- _Work required_:
Give back every entry, copied exactly.

- _Study material_:
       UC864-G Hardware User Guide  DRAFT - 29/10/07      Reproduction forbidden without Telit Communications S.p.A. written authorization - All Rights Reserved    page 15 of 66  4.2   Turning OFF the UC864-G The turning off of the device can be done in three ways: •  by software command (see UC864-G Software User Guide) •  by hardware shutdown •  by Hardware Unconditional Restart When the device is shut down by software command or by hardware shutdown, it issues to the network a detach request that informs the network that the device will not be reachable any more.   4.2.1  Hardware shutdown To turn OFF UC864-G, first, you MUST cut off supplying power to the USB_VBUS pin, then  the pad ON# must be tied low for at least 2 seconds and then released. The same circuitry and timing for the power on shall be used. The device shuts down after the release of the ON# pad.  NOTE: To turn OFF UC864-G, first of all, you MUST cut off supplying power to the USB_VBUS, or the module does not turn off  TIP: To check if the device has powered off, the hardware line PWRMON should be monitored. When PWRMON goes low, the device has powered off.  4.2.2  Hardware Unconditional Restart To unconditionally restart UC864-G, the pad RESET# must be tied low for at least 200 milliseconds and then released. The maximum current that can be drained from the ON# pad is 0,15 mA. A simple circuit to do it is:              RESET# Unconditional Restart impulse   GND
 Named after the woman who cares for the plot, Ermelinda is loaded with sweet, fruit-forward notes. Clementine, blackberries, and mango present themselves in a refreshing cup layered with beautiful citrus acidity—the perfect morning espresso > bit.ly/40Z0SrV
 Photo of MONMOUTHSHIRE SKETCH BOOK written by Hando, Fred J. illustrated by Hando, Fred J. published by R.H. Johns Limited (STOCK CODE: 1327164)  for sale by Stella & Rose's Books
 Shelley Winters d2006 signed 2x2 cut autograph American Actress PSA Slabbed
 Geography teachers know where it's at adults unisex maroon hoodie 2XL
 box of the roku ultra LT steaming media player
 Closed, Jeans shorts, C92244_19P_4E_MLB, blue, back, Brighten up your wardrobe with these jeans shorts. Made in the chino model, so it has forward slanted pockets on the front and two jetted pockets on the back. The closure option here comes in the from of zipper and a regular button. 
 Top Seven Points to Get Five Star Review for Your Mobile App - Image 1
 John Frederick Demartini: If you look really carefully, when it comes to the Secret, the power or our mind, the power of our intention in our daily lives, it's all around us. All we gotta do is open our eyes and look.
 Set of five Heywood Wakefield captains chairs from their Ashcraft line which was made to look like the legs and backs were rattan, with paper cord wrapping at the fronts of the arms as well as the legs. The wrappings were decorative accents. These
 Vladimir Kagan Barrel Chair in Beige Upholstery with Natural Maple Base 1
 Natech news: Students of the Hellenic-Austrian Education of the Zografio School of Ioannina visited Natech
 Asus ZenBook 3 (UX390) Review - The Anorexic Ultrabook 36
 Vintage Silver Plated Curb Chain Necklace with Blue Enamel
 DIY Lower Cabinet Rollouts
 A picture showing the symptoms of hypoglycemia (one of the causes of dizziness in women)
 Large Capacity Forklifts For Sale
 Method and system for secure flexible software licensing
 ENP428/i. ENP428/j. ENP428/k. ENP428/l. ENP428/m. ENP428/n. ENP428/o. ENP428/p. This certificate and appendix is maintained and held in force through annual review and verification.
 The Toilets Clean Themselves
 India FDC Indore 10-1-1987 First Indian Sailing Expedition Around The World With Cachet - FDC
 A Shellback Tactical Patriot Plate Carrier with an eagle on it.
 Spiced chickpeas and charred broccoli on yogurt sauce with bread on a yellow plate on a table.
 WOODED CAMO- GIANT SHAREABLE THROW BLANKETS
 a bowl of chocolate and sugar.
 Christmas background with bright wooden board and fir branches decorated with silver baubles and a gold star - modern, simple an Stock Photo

- _Task response_:
       UC864-G Hardware User Guide  DRAFT - 29/10/07      Reproduction forbidden without Telit Communications S.p.A. written authorization - All Rights Reserved    page 15 of 66  4.2   Turning OFF the UC864-G The turning off of the device can be done in three ways: •  by software command (see UC864-G Software User Guide) •  by hardware shutdown •  by Hardware Unconditional Restart When the device is shut down by software command or by hardware shutdown, it issues to the network a detach request that informs the network that the device will not be reachable any more.   4.2.1  Hardware shutdown To turn OFF UC864-G, first, you MUST cut off supplying power to the USB_VBUS pin, then  the pad ON# must be tied low for at least 2 seconds and then released. The same circuitry and timing for the power on shall be used. The device shuts down after the release of the ON# pad.  NOTE: To turn OFF UC864-G, first of all, you MUST cut off supplying power to the USB_VBUS, or the module does not turn off  TIP: To check if the device has powered off, the hardware line PWRMON should be monitored. When PWRMON goes low, the device has powered off.  4.2.2  Hardware Unconditional Restart To unconditionally restart UC864-G, the pad RESET# must be tied low for at least 200 milliseconds and then released. The maximum current that can be drained from the ON# pad is 0,15 mA. A simple circuit to do it is:              RESET# Unconditional Restart impulse   GND
 Named after the woman who cares for the plot, Ermelinda is loaded with sweet, fruit-forward notes. Clementine, blackberries, and mango present themselves in a refreshing cup layered with beautiful citrus acidity—the perfect morning espresso > bit.ly/40Z0SrV
 Photo of MONMOUTHSHIRE SKETCH BOOK written by Hando, Fred J. illustrated by Hando, Fred J. published by R.H. Johns Limited (STOCK CODE: 1327164)  for sale by Stella & Rose's Books
 Shelley Winters d2006 signed 2x2 cut autograph American Actress PSA Slabbed
 Geography teachers know where it's at adults unisex maroon hoodie 2XL
 box of the roku ultra LT steaming media player
 Closed, Jeans shorts, C92244_19P_4E_MLB, blue, back, Brighten up your wardrobe with these jeans shorts. Made in the chino model, so it has forward slanted pockets on the front and two jetted pockets on the back. The closure option here comes in the from of zipper and a regular button. 
 Top Seven Points to Get Five Star Review for Your Mobile App - Image 1
 John Frederick Demartini: If you look really carefully, when it comes to the Secret, the power or our mind, the power of our intention in our daily lives, it's all around us. All we gotta do is open our eyes and look.
 Set of five Heywood Wakefield captains chairs from their Ashcraft line which was made to look like the legs and backs were rattan, with paper cord wrapping at the fronts of the arms as well as the legs. The wrappings were decorative accents. These
 Vladimir Kagan Barrel Chair in Beige Upholstery with Natural Maple Base 1
 Natech news: Students of the Hellenic-Austrian Education of the Zografio School of Ioannina visited Natech
 Asus ZenBook 3 (UX390) Review - The Anorexic Ultrabook 36
 Vintage Silver Plated Curb Chain Necklace with Blue Enamel
 DIY Lower Cabinet Rollouts
 A picture showing the symptoms of hypoglycemia (one of the causes of dizziness in women)
 Large Capacity Forklifts For Sale
 Method and system for secure flexible software licensing
 ENP428/i. ENP428/j. ENP428/k. ENP428/l. ENP428/m. ENP428/n. ENP428/o. ENP428/p. This certificate and appendix is maintained and held in force through annual review and verification.
 The Toilets Clean Themselves
 India FDC Indore 10-1-1987 First Indian Sailing Expedition Around The World With Cachet - FDC
 A Shellback Tactical Patriot Plate Carrier with an eagle on it.
 Spiced chickpeas and charred broccoli on yogurt sauce with bread on a yellow plate on a table.
 WOODED CAMO- GIANT SHAREABLE THROW BLANKETS
 a bowl of chocolate and sugar.
 Christmas background with bright wooden board and fir branches decorated with silver baubles and a gold star - modern, simple an Stock Photo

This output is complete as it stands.